To do: Copy, exactly as written, the lines that begin at the one containing "Pair of Nicos" and end at the one containing "Steve Jobs Quote". Skip any pictures in the data below.

Segment Start: Source records

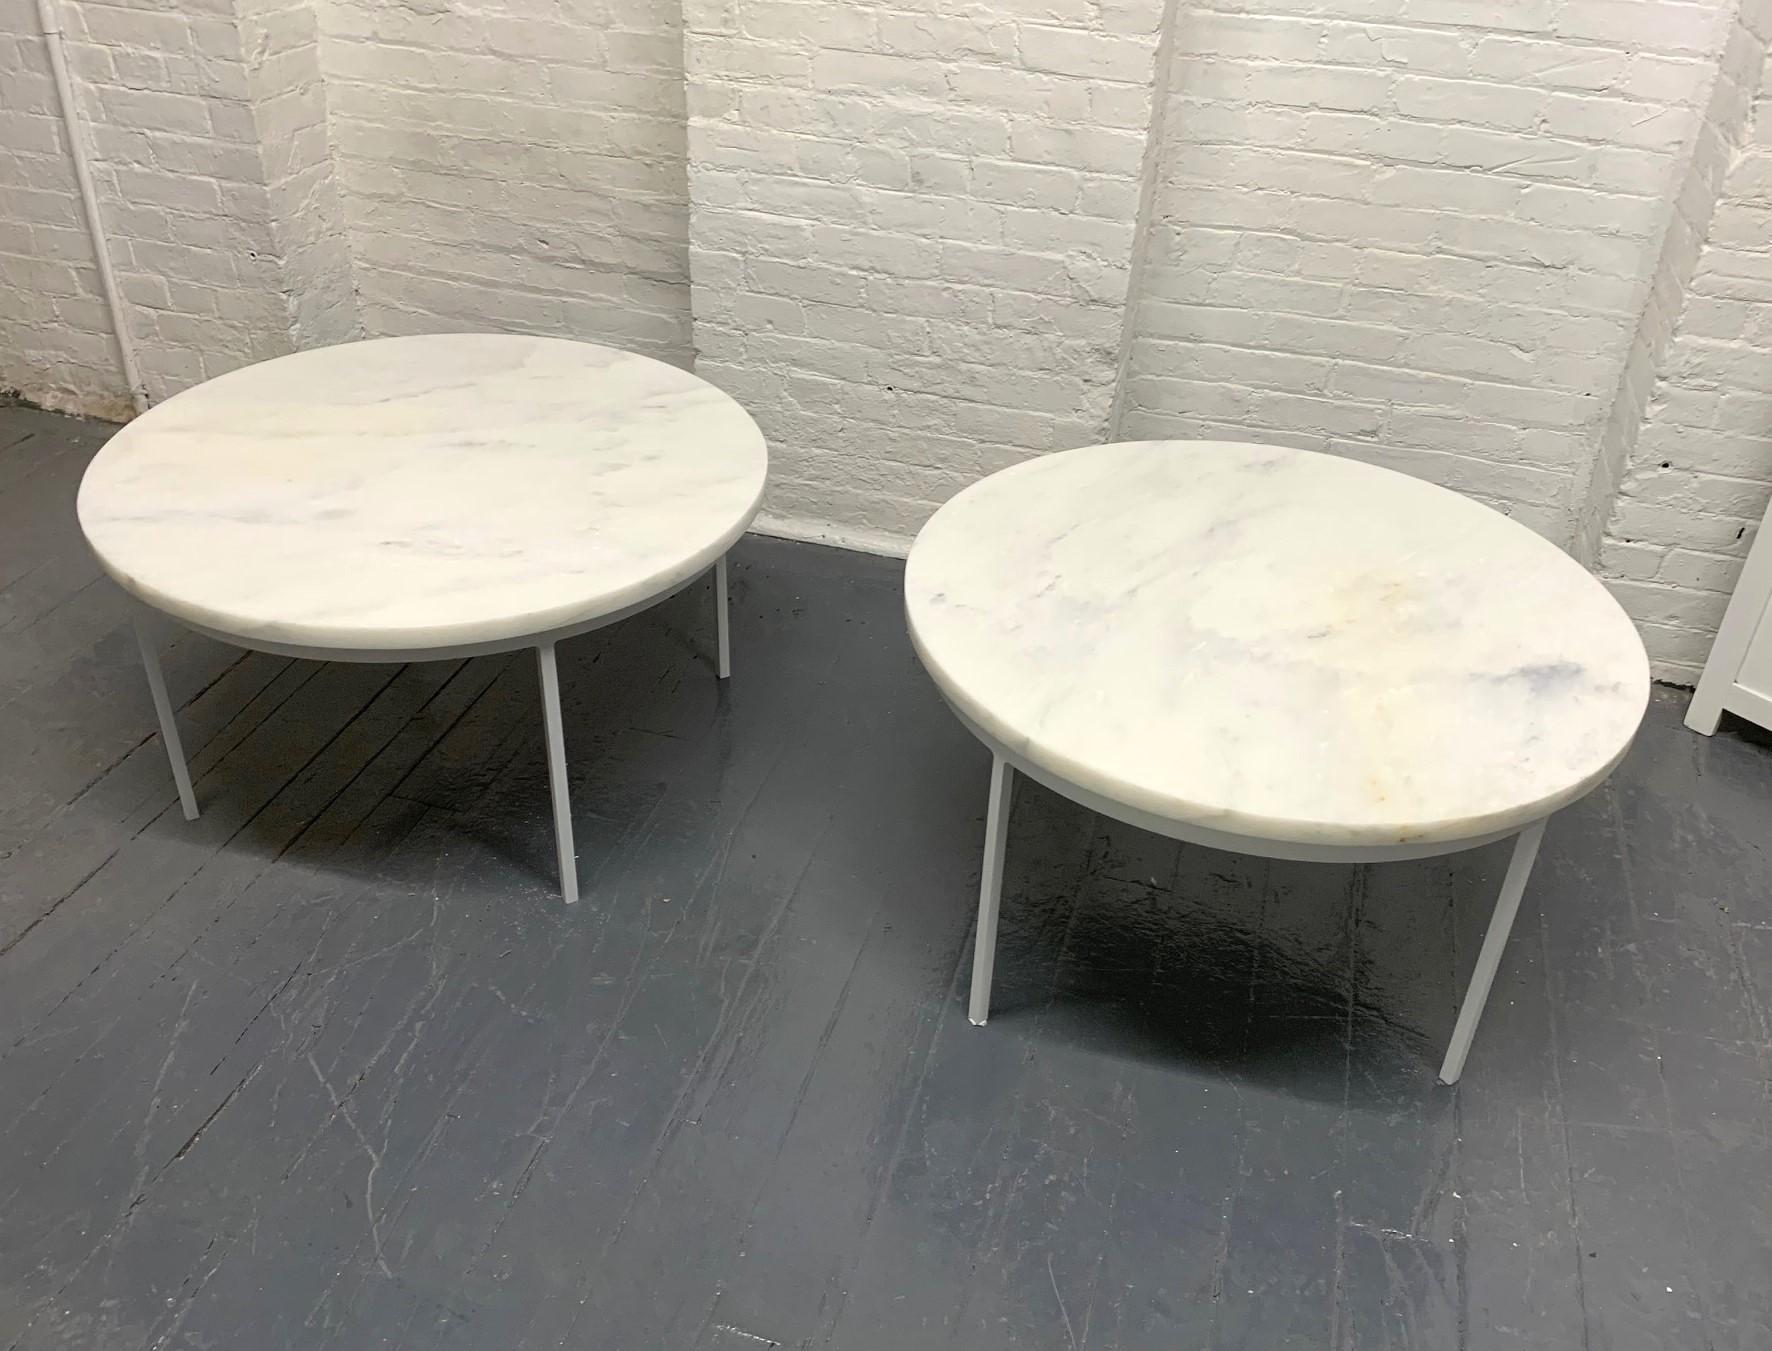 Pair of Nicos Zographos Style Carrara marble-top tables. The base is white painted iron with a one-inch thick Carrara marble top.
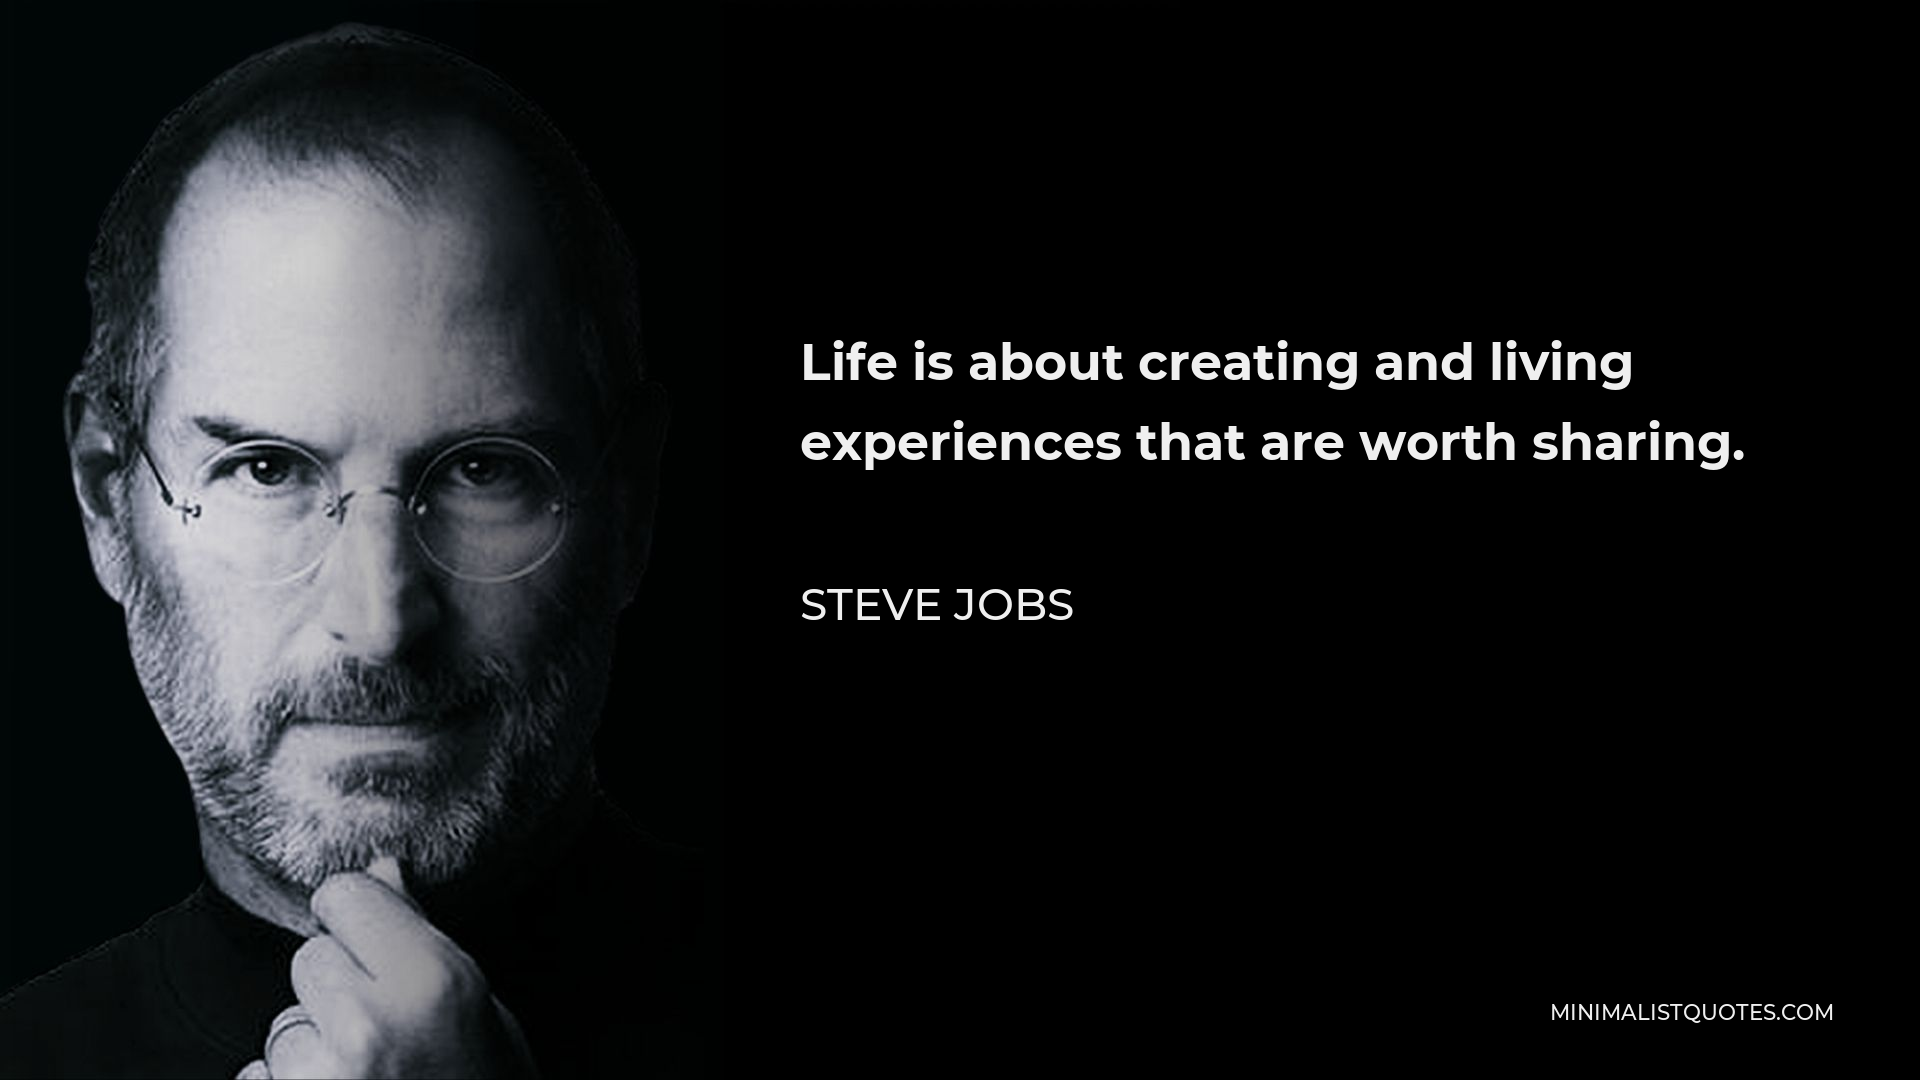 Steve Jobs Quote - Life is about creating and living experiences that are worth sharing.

Segment End: Source records
Segment Start: Source records

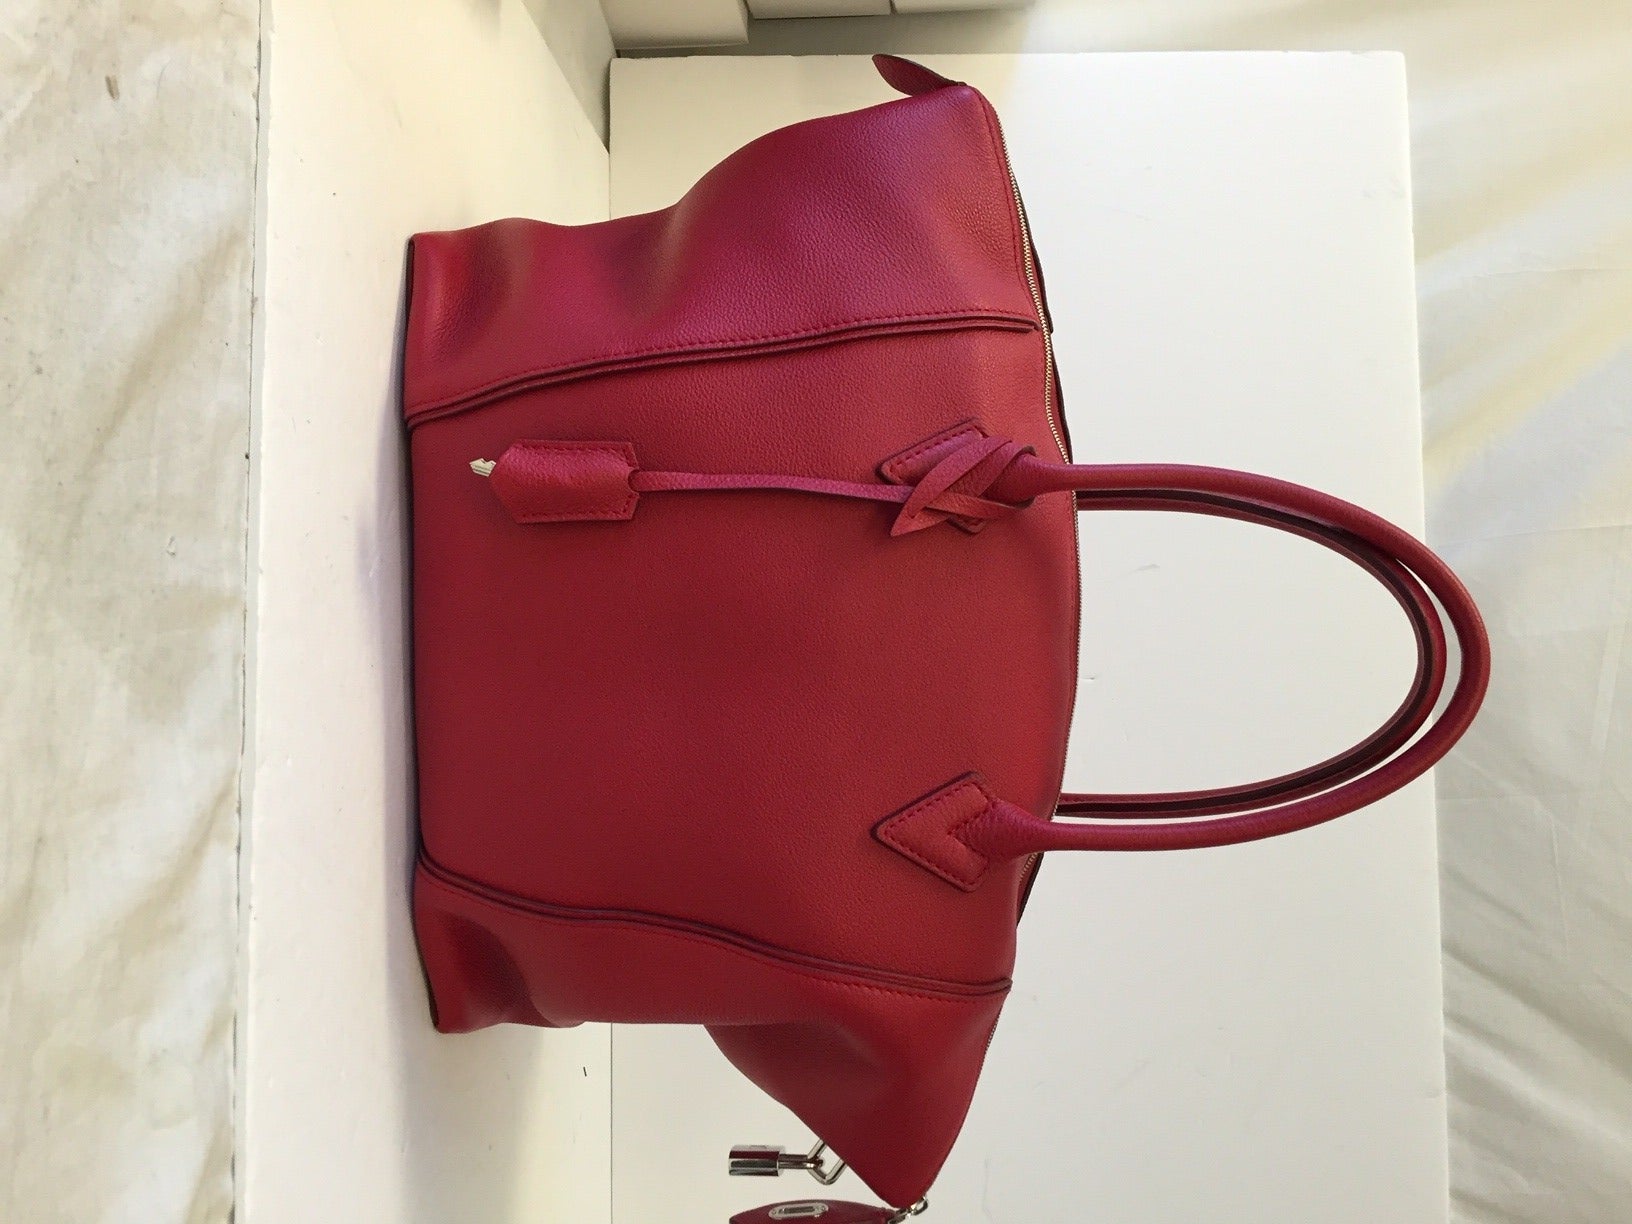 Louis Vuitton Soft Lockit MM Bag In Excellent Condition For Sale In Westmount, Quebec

Segment End: Source records

Completed task:
 Pair of Nicos Zographos Style Carrara marble-top tables. The base is white painted iron with a one-inch thick Carrara marble top.
 Steve Jobs Quote - Life is about creating and living experiences that are worth sharing.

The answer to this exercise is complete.